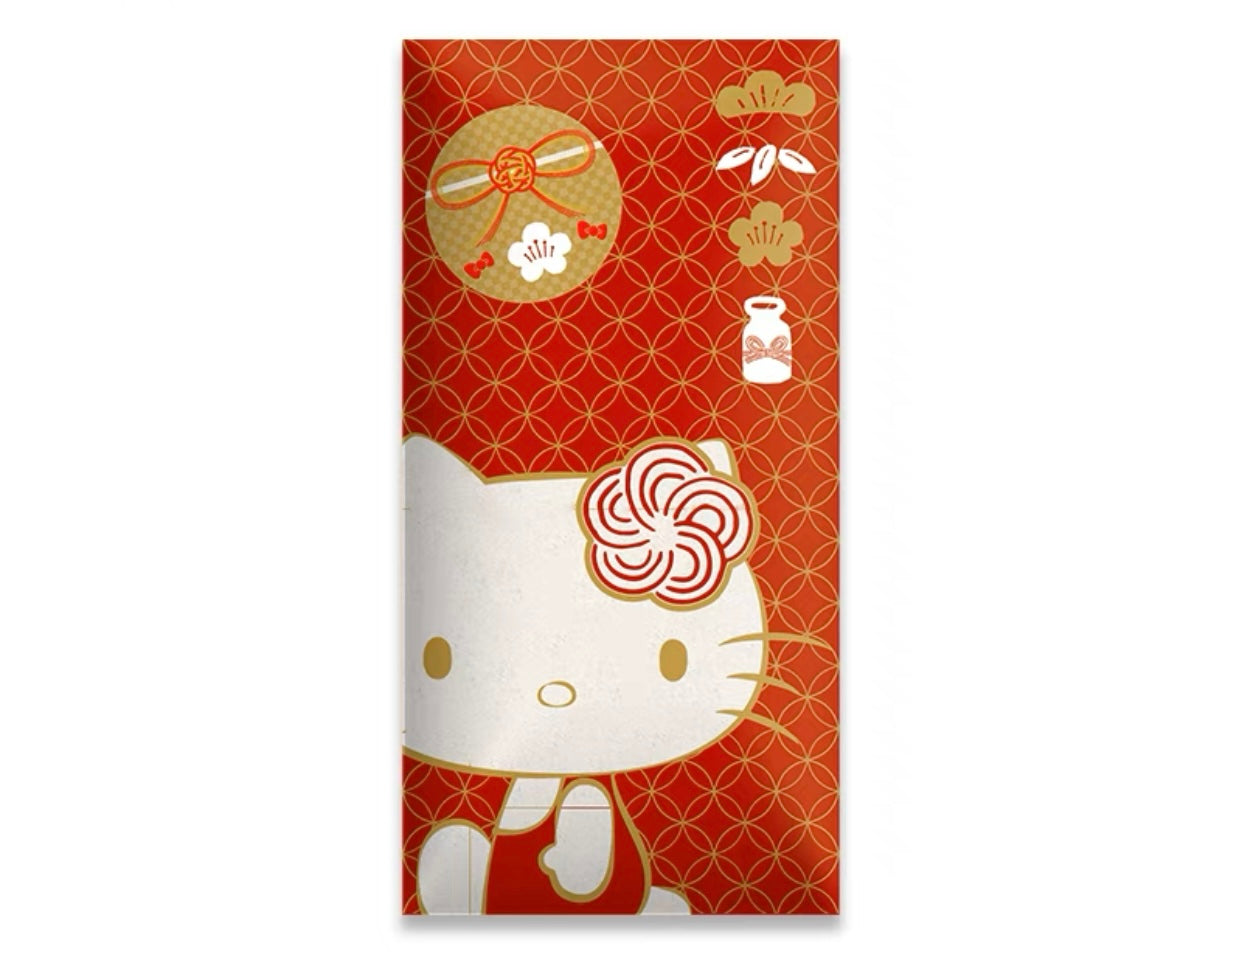 Hello Kitty Red Envelope | Sanrio Red Envelopes | GoodChoyice
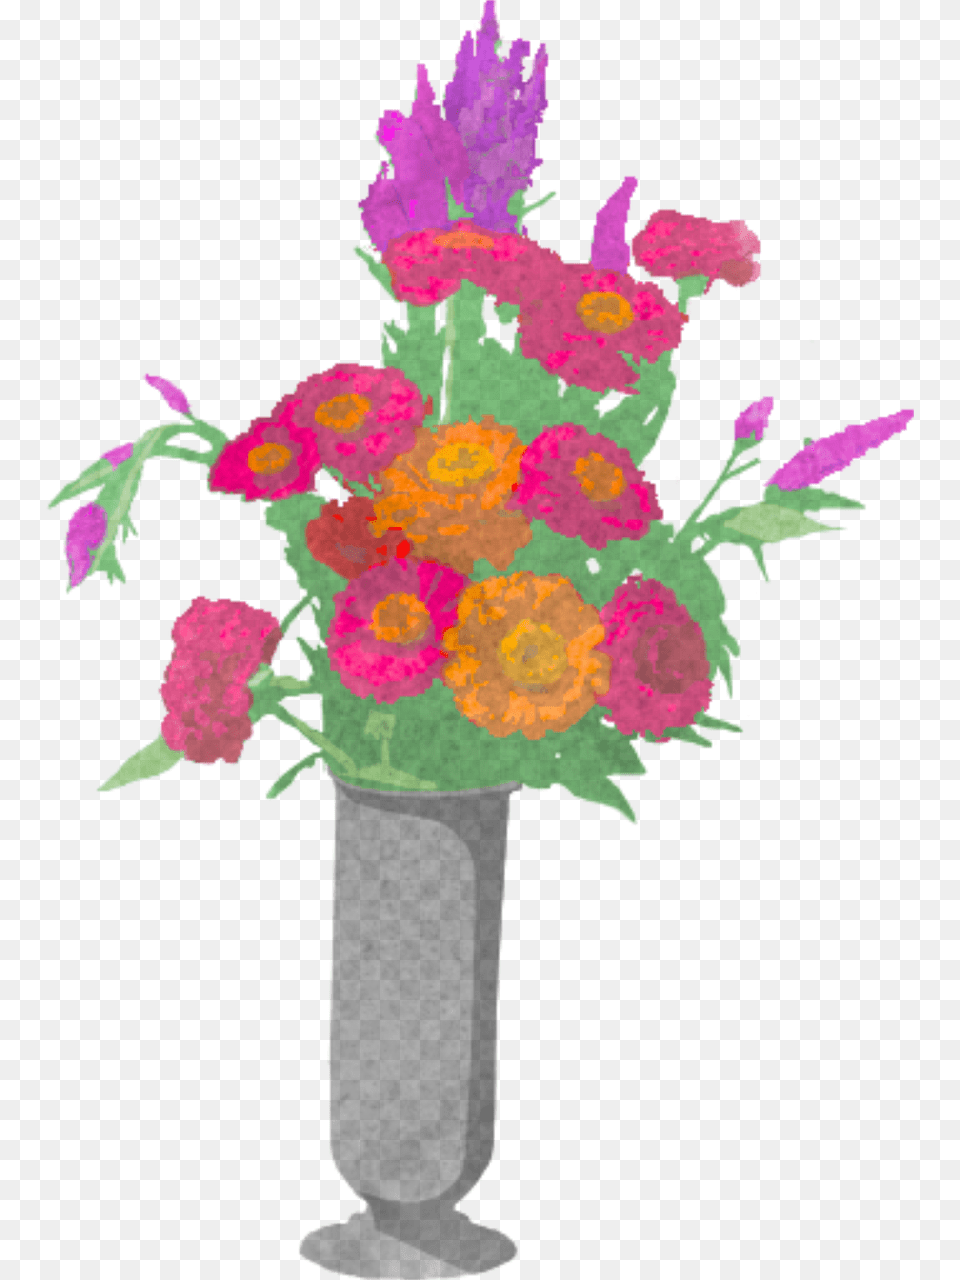 Bouquet Flowers Funeral Bouquet, Art, Floral Design, Flower, Flower Arrangement Png Image
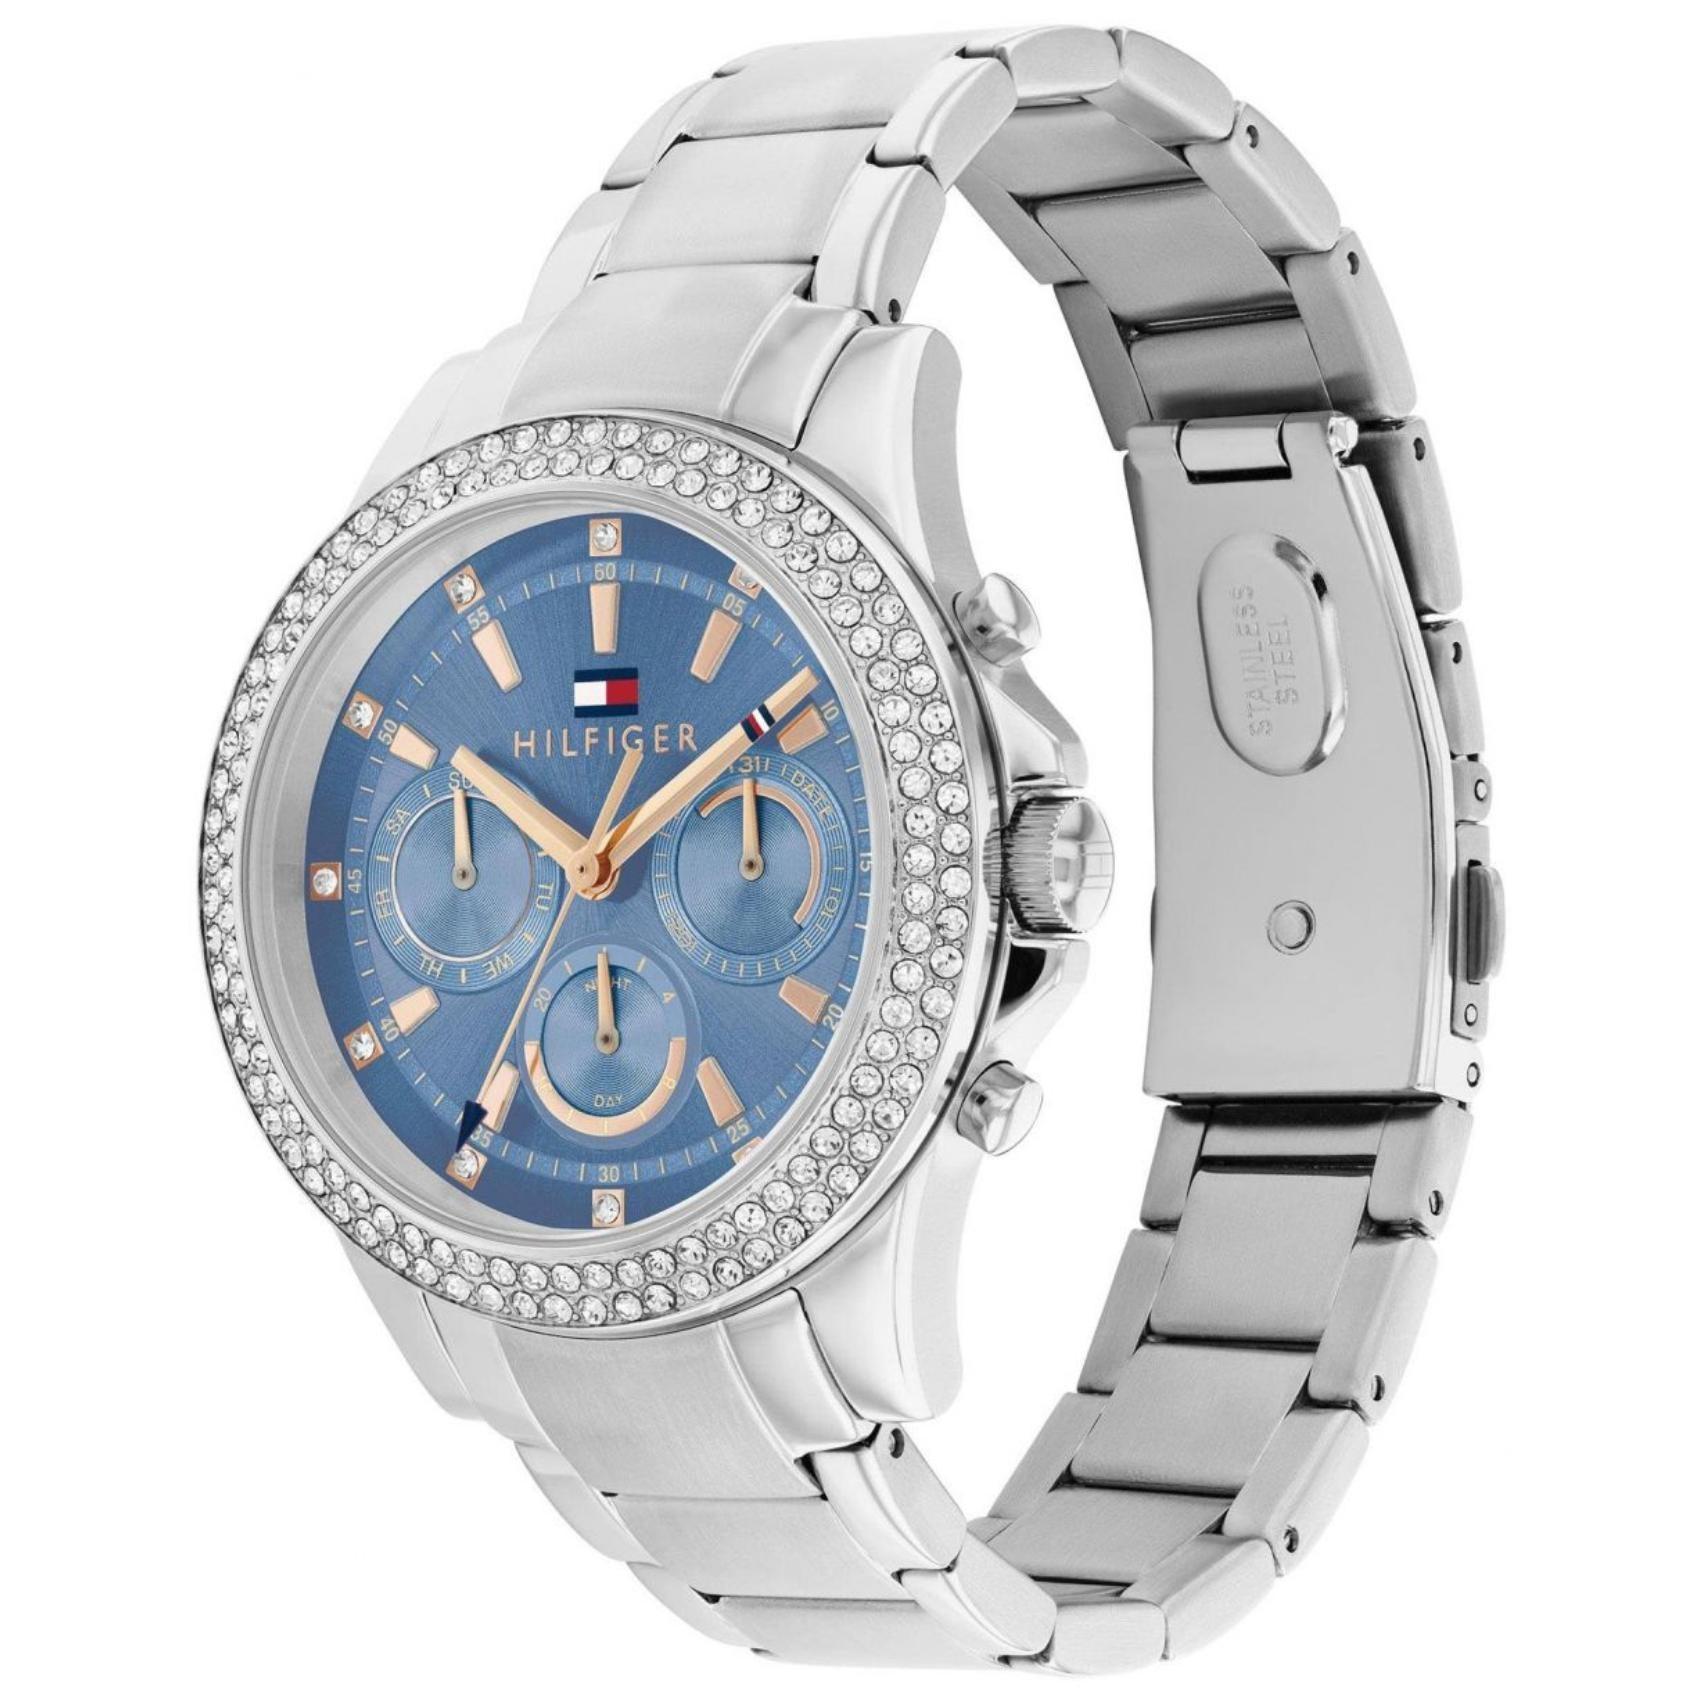 Γυναικείο ρολόι Tommy Hilfiger Haven 1782690 με ασημί ατσάλινο μπρασελέ και μπλε καντράν διαμέτρου 38mm με ημέρα-ημερομηνία και ζιργκόν.

#####

* [PROBLEM DETAILS]
Every line of the material is to be quoted exactly, with no pictures carried over.

* [YOUR SOLUTION]
 Hello Kitty Red Envelope | Sanrio Red Envelopes | GoodChoyice
 Bouquet Flowers Funeral Bouquet, Art, Floral Design, Flower, Flower Arrangement Png Image
 Γυναικείο ρολόι Tommy Hilfiger Haven 1782690 με ασημί ατσάλινο μπρασελέ και μπλε καντράν διαμέτρου 38mm με ημέρα-ημερομηνία και ζιργκόν.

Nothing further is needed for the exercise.